The airport has become my school! I could either grumble about spending so much time there or I could embrace it, turn up my ability to notice what is going on around me and learn from it. I choose the latter ... MOST of the time.
While waiting through a 2 1/2 hour flight delay yesterday I witnessed an encounter that I'm going to share with you in hopes that you recognize the power you have to make or break someone's day with every conversation you have. Not every conversation will, BUT any conversation might.
In my hasty packing process (no surprise to those of you that know me well) I forgot to pack headphones. I only have about 6 different pair and how I managed to bring the one purse that doesn't have a pair is beyond me, but ... I found myself with 4 hours to spend in the airport and nothing to listen to music with. Listening to music while I do anything else is what I do.
No worries! The airport has tons of options for purchasing headphones from super cheap to super expensive. For the record, I went for the $29,99 red pair that are surprisingly awesome! As I walked up to the Hudson News stand to check out my options, I saw a woman in a wheel chair waving her hands. I heard yelling. I saw two employees standing behind the counter. One was redfaced and near tears. The other was trying to back as far away as he could from the angry customer and appearing to listen very carefully. As I approached and began to look at my headphone options, I could hear the conversation. The woman in the wheelchair was yelling about several things .... 1) the signage on the blankets was misleading 2) she bought 2 blankets for $20 because it seemed like a good deal 3) she realized she didn't have enough room for the 2nd blanket and brought it back to get her money back 4) the employee that was working could not refund her money 5) she had to wait for a supervisor to come and refund her money and reverse the transaction. "You need to fix this. This is ridiculous. This shouldn't be that hard."
The supervisor listened carefully and then as he reversed the transaction and gave her the money back, he explained that he wished the process were different, but he was following protocol that was set up. He apologized several times. He said he would share her concerns with management. He thanked her for her patience. I thought he handled it brilliantly. The angry customer left still muttering and waving her hands in the air.

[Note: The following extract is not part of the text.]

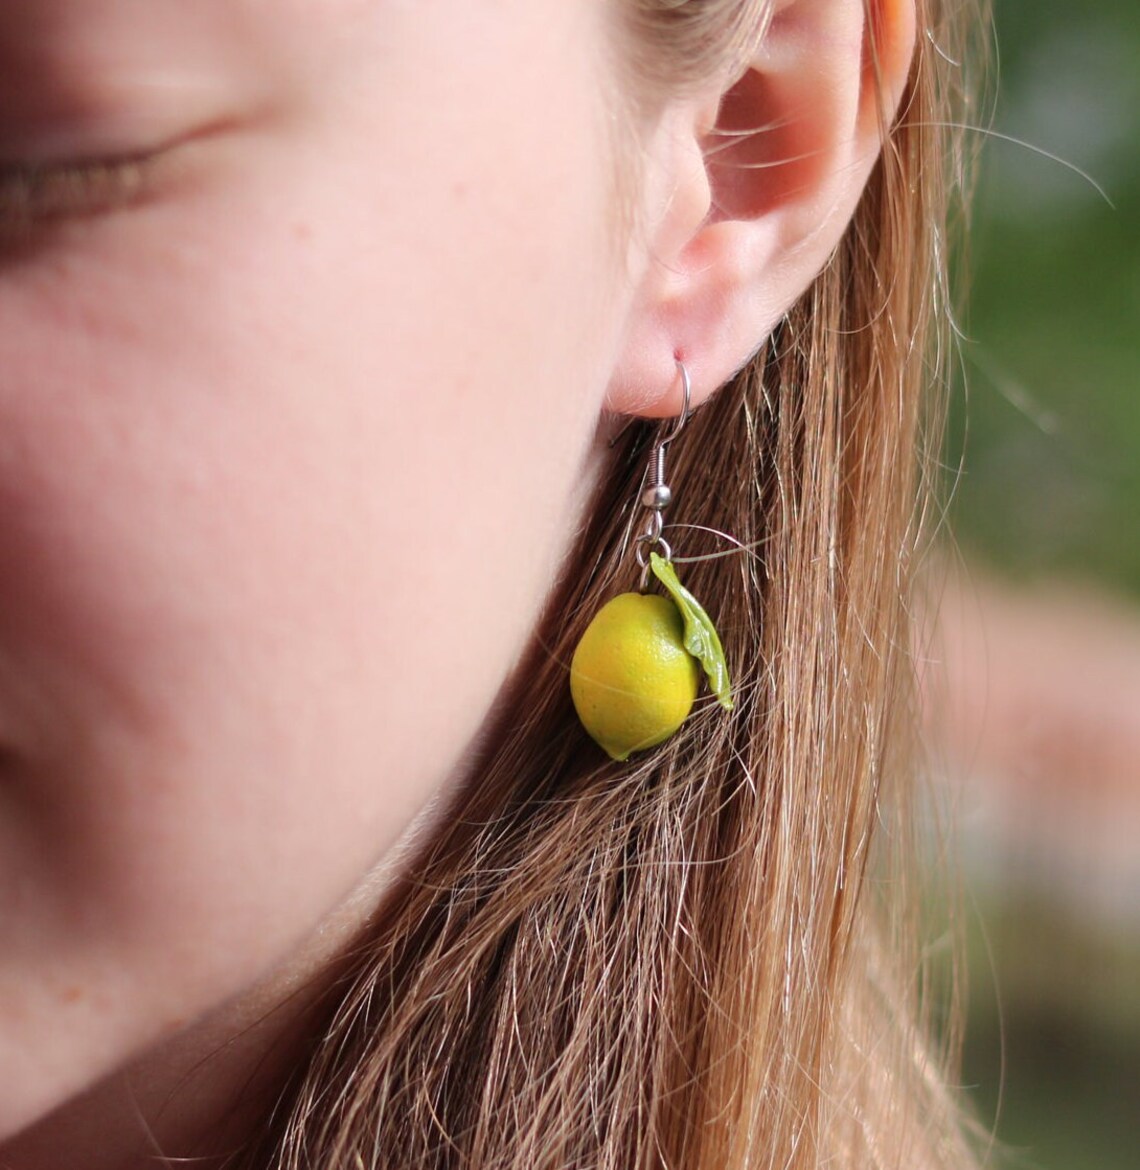 Hyper Realistic Fruit Earrings By Helen Creative (12)

Meanwhile, the other employee looked like she wanted to cry. She turned to me and said "I'm so sorry that you had to wait. Can I help you?" I said "Yes, you can help me by letting go of what that customer just did and how it made you feel. You did what you were asked to do. You were pleasant. She will get over it and so will you." She smiled and said thank you. Her supervisor said "I wish that weren't the way things were. I didn't know what else to say or do. Now she is very angry with me." I smiled at him and said "You are not the cause of her anger. This situation may have been the straw that broke the camel's back, but you can't take responsibility for making her angry. I watched it all and thought you handled it as well as you could. Some people are just not in a good place and some of us get in their way."

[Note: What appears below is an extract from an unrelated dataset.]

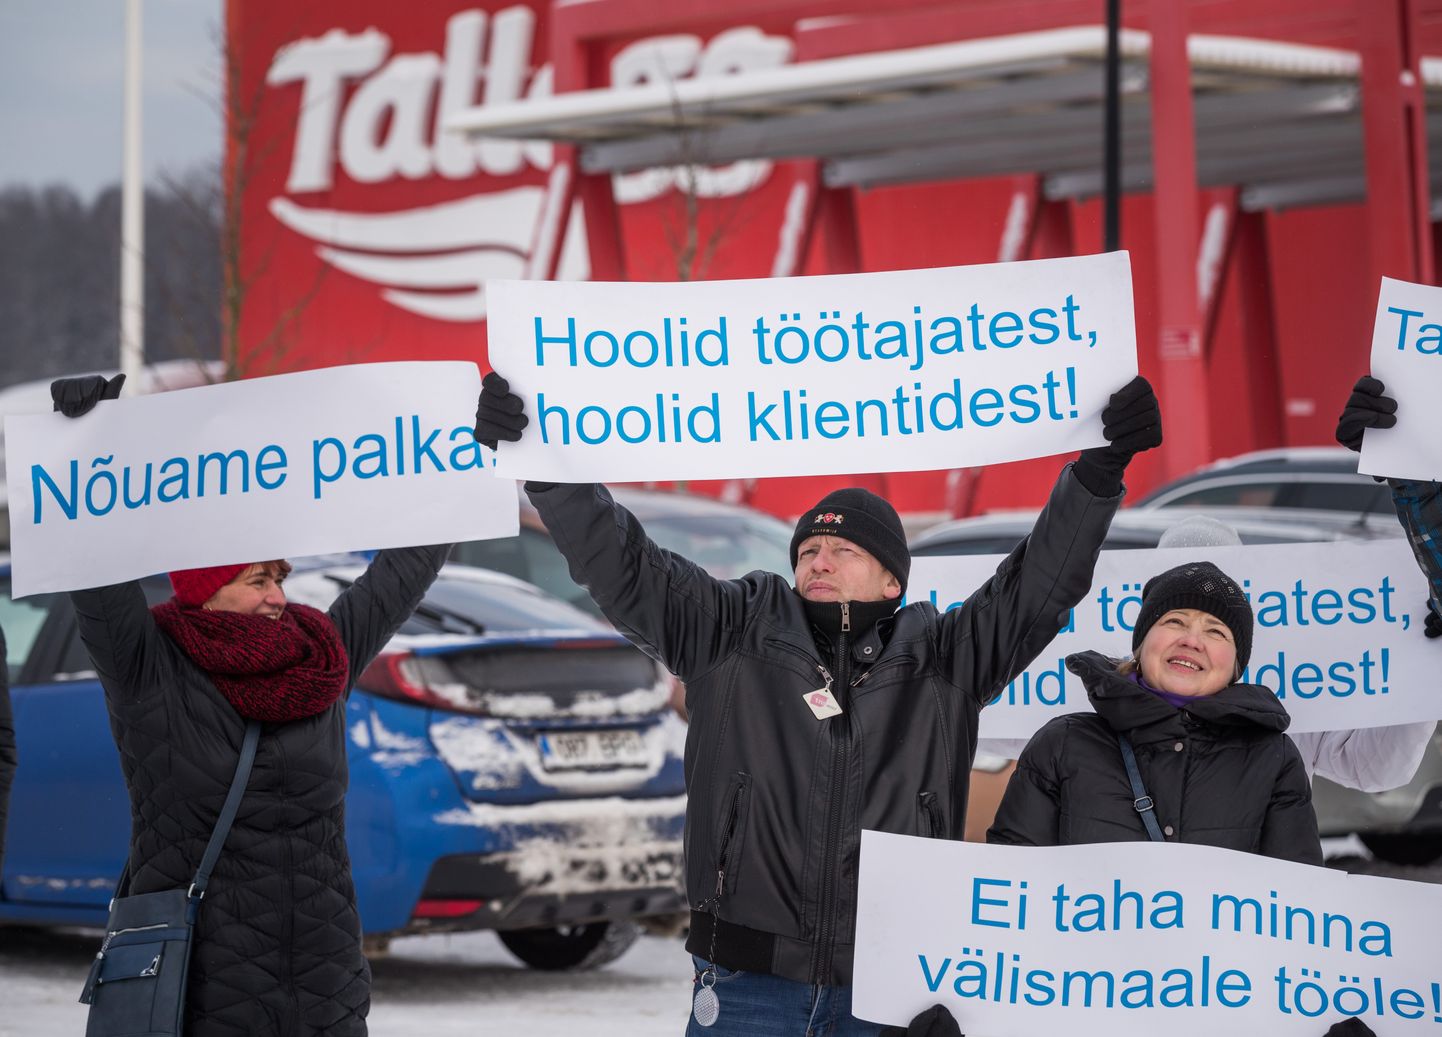 HKScani koosseisu kuuluv Tallegg näitas Rakvere lihatööstuse streigi ajal üles solidaarsust streikijate suhtes.

I bought my headphones. They both said over and over how grateful they were that I was their next customer and that they were going to have a better day because I was there.

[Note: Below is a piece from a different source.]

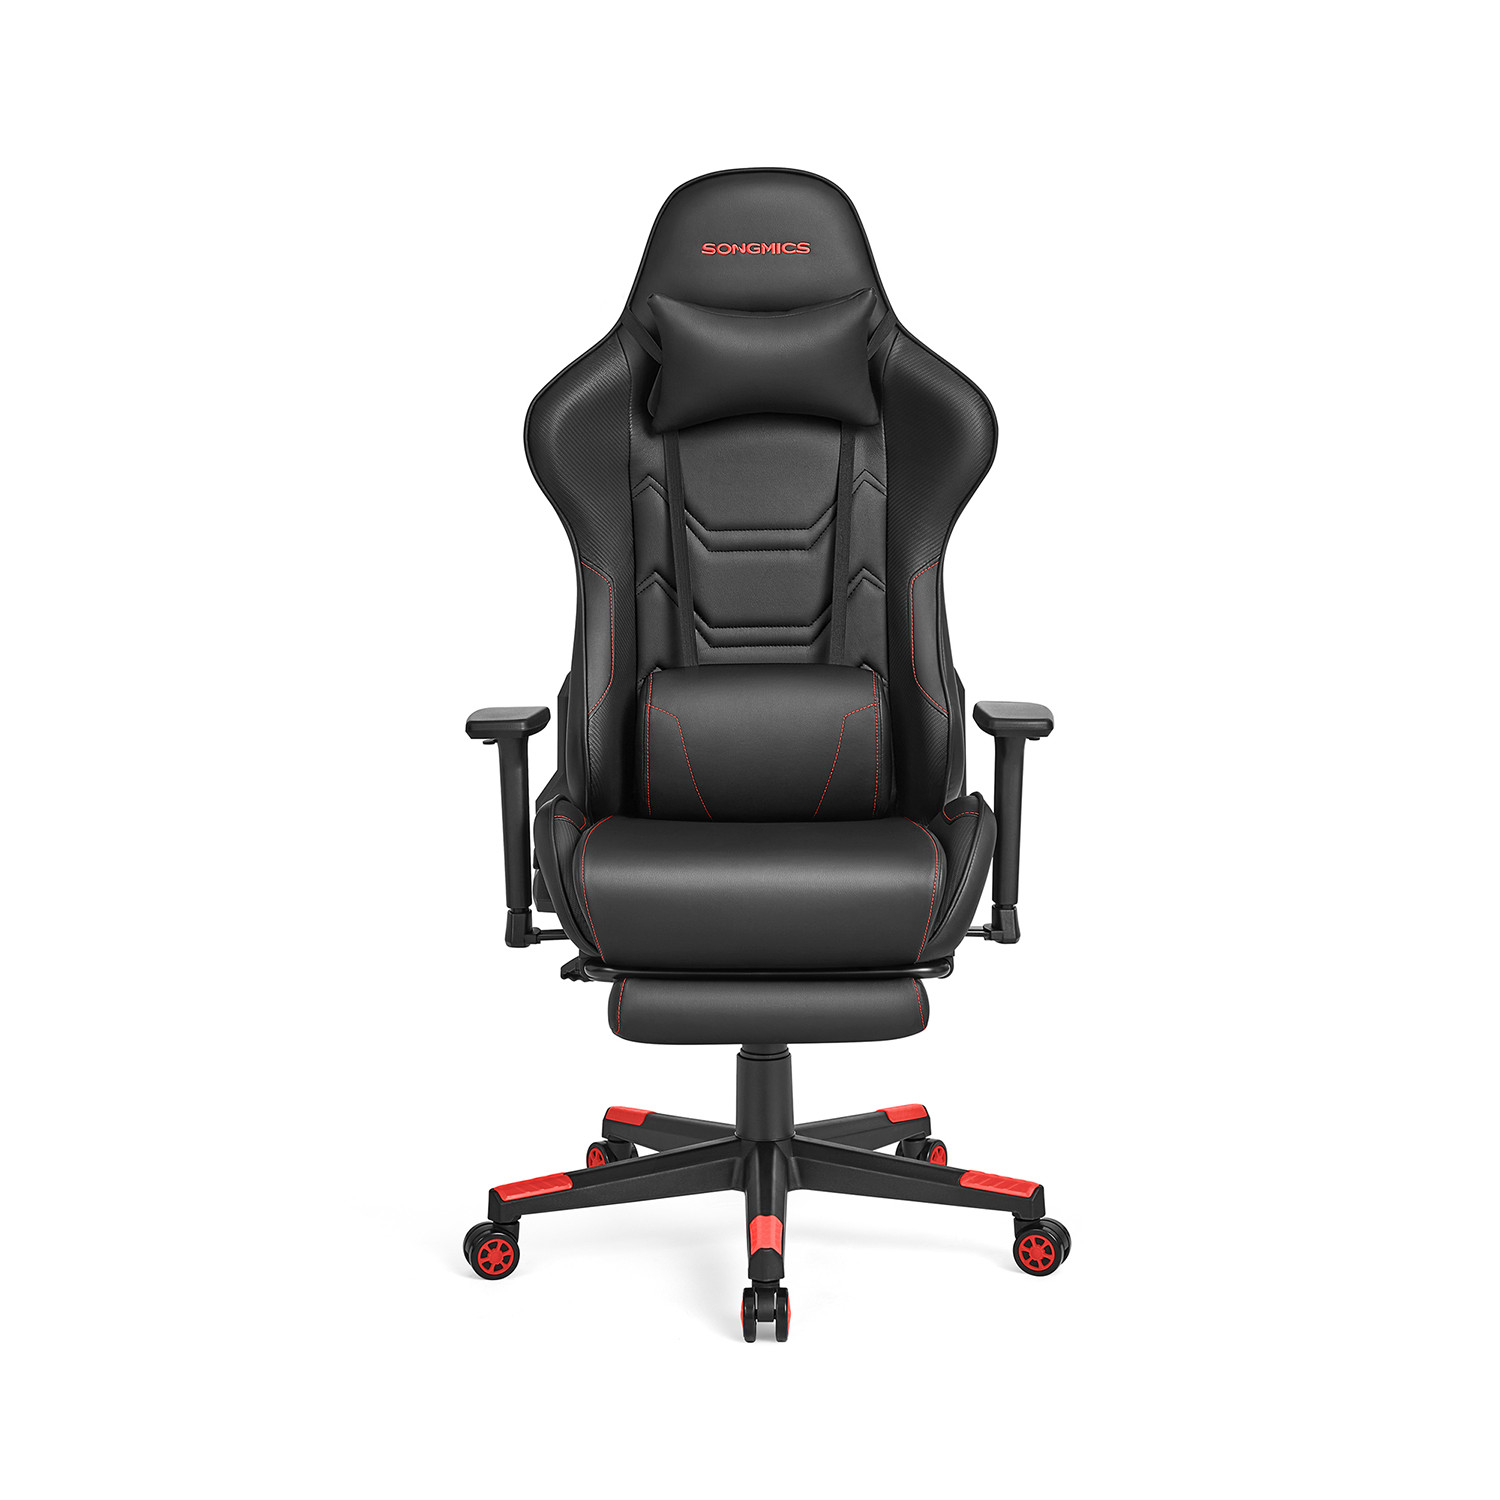 Kancelárska stolička RCG070B01

This story isn't about how wonderful I am. It's about how we all have a choice many times a day. I felt so badly watching this woman's anger make these two people feel so badly - the one employee was completely speechless and embarrassed. There was simply no need to handle the situation the way she did. How would it have looked if she had been kind about the return? How would it have looked if she had taken responsibility to ask more questions in the purchasing process or thought about her packing space before making the purchase? My guess is that she was pretty ticked off at herself for what she did, but it's so much easier to lash out at someone else instead of taking responsibility ourselves and handling the situation with kindness.
Lesson for the day ... no matter where your head or heart is at in the moment, try to be kind. We each have a powerful impact on those around us and our choice can make a big difference in their day!